Marriage Equality Foes Up In Arms Over “Home Invasion” Ad

Last week the Courage Campaign unveiled a new ad highlighting the millions of dollars the Church of Jesus Christ of Latter-day Saints has poured into the California campaign to strip marriage rights from gay and lesbian couples.  As KUTV explained the ad:

A new commercial against proposition 8 in California is expected to fuel the fire of an already heated debate over gay marriage.
 
The commercial depicts two Mormon missionaries invading the home of a same sex couple.

In the commercial they knock on the door, say they are from the Church of Jesus Christ of Latter-day Saints and tell a lesbian couple “we are here to take away your rights.”

They enter the home take the women’s rings, ransack the house looking for their marriage license, find it, and then tear it up. 

At the end, the missionaries was away saying, “that was too easy, yeah, what should we ban next?”

The ad itself is here:

Needless to say, the Yes on 8 folks are none too pleased with the ad and are now screaming “religious bigotry”

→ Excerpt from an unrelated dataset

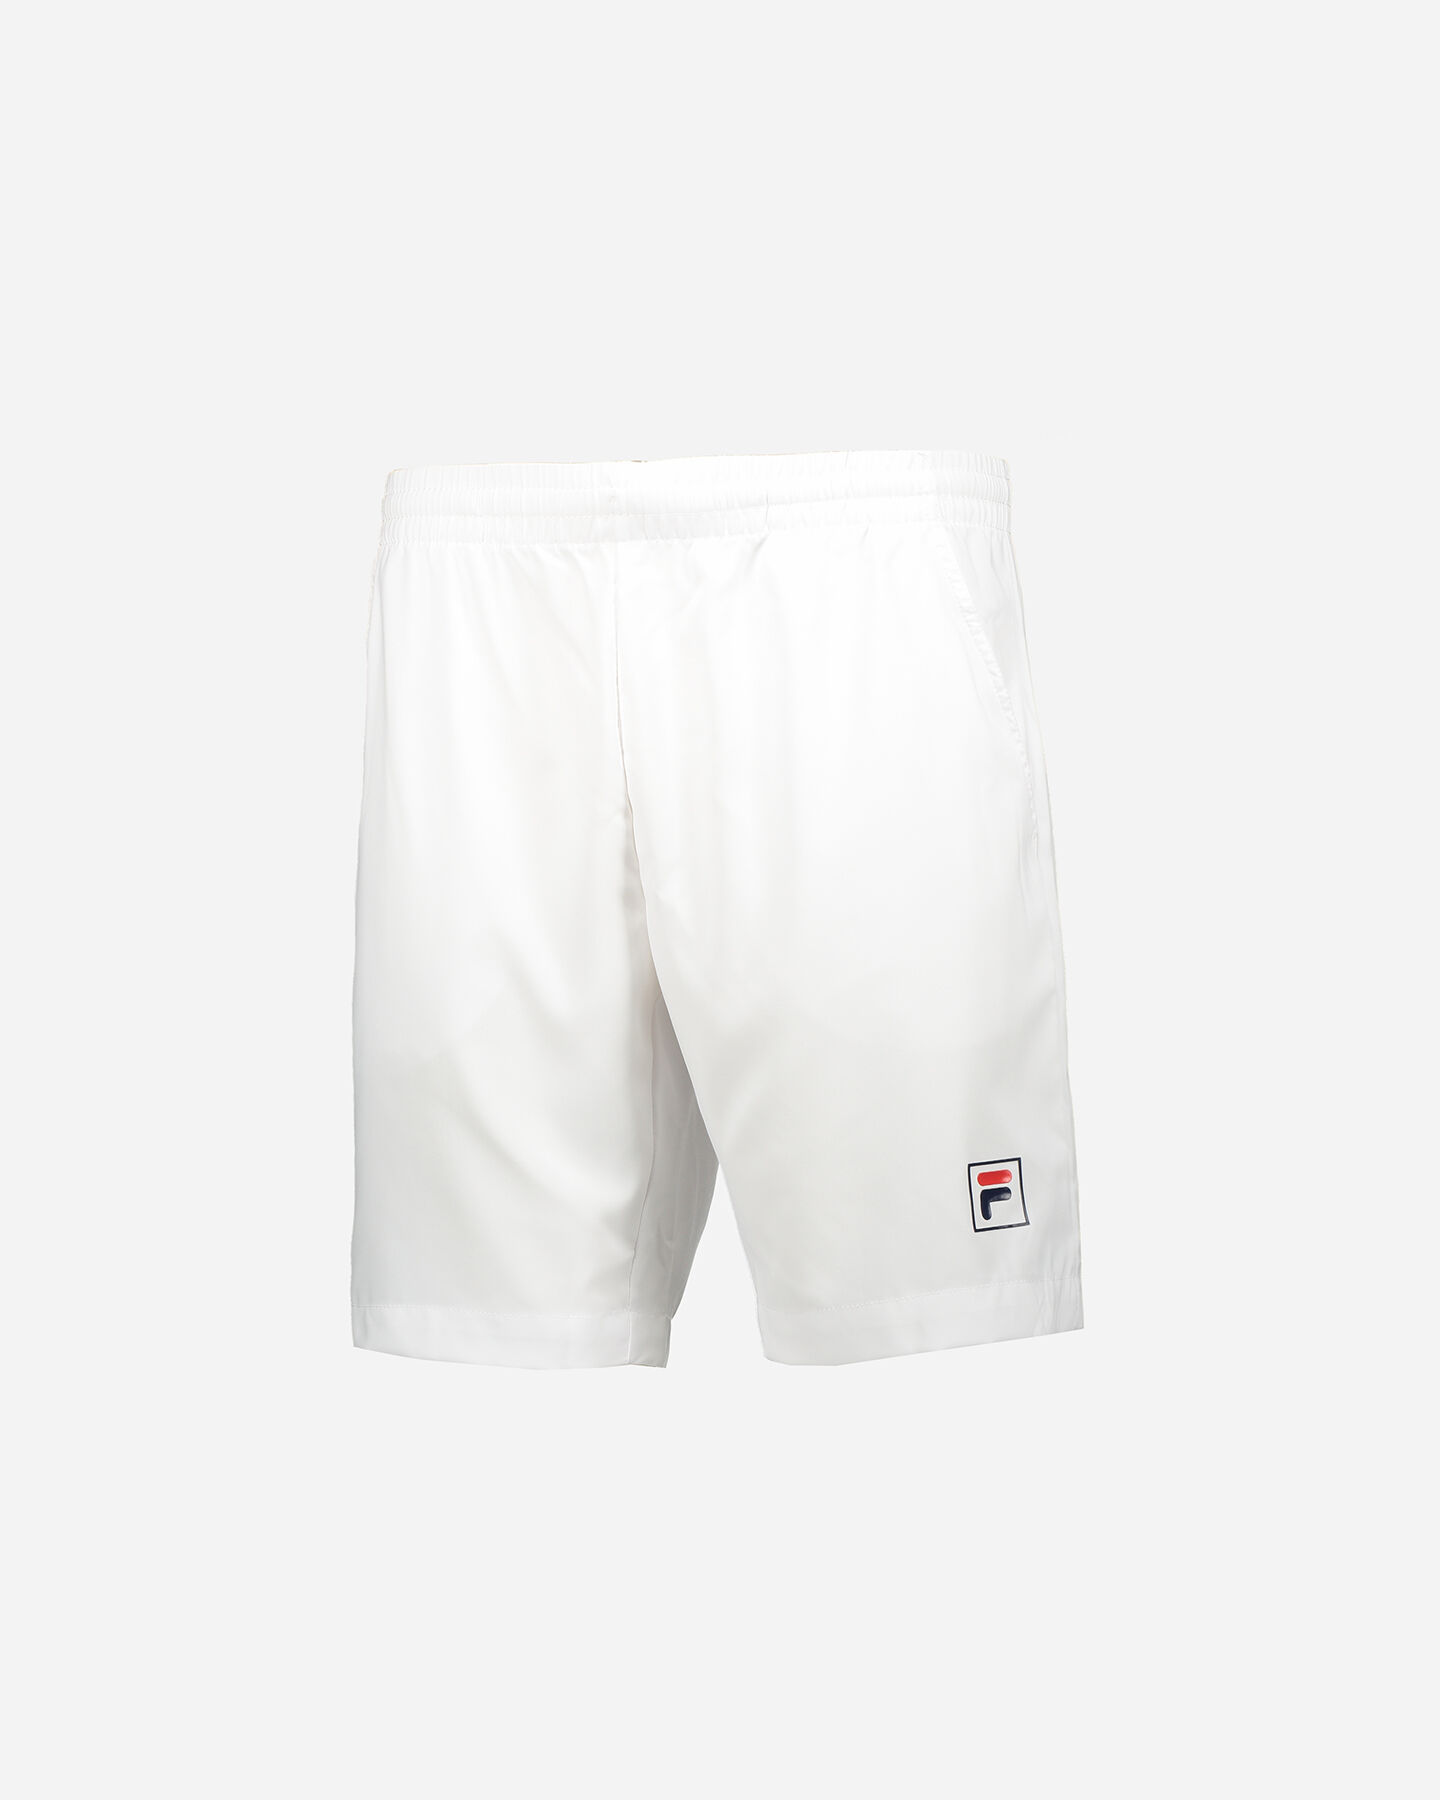 Sport Cisalfa Su Da In Uomo Pantaloncini Tennis Vendita Online f48qTxR

“This ad reaches new lows of religious bigotry and intolerance,” said Yes on 8 Chairman Ron Prentice. “We hope that the leadership of the No on 8 campaign – including Senator Feinstein, Mayor Newsom and Superintendent O’Connell — as well as all Californians regardless of their position on Proposition 8, will not only condemn the ad but join us in asking television stations to refuse to air it. After all, the No on 8 campaign has been running their own television commercials saying we must all oppose discrimination and intolerance whenever we see it. The bigotry this ad shows to members of the LDS church demands action now.”

The California Catholic Conference is likewise outraged:

Bishop Stephen Blaire, the President of the California Catholic Conference decried the new advertisement from opponents of Proposition 8 as “a blatant display of religious bigotry and intolerance.” He expressed dismay that any public media outlet would give it an airing. “The YES on 8 campaign is not about discrimination and intolerance; it is about restoring the traditional definition of marriage for the good of society and children,” said Bishop Blaire. “All individuals and groups, whether religious or not, have both a right and a responsibility to participate in a civil debate about this important issue. From the beginning of this campaign the Catholic Conference has stressed the importance of mutual respect and denounces this type of religious bigotry.”

Of course, when footage surfaced last week of Brad Dacus of the Pacific Justice Institute telling a rally of Prop 8 supporters that failure to pass the amendment was akin to failing to stop Hitler, they uttered not a peep.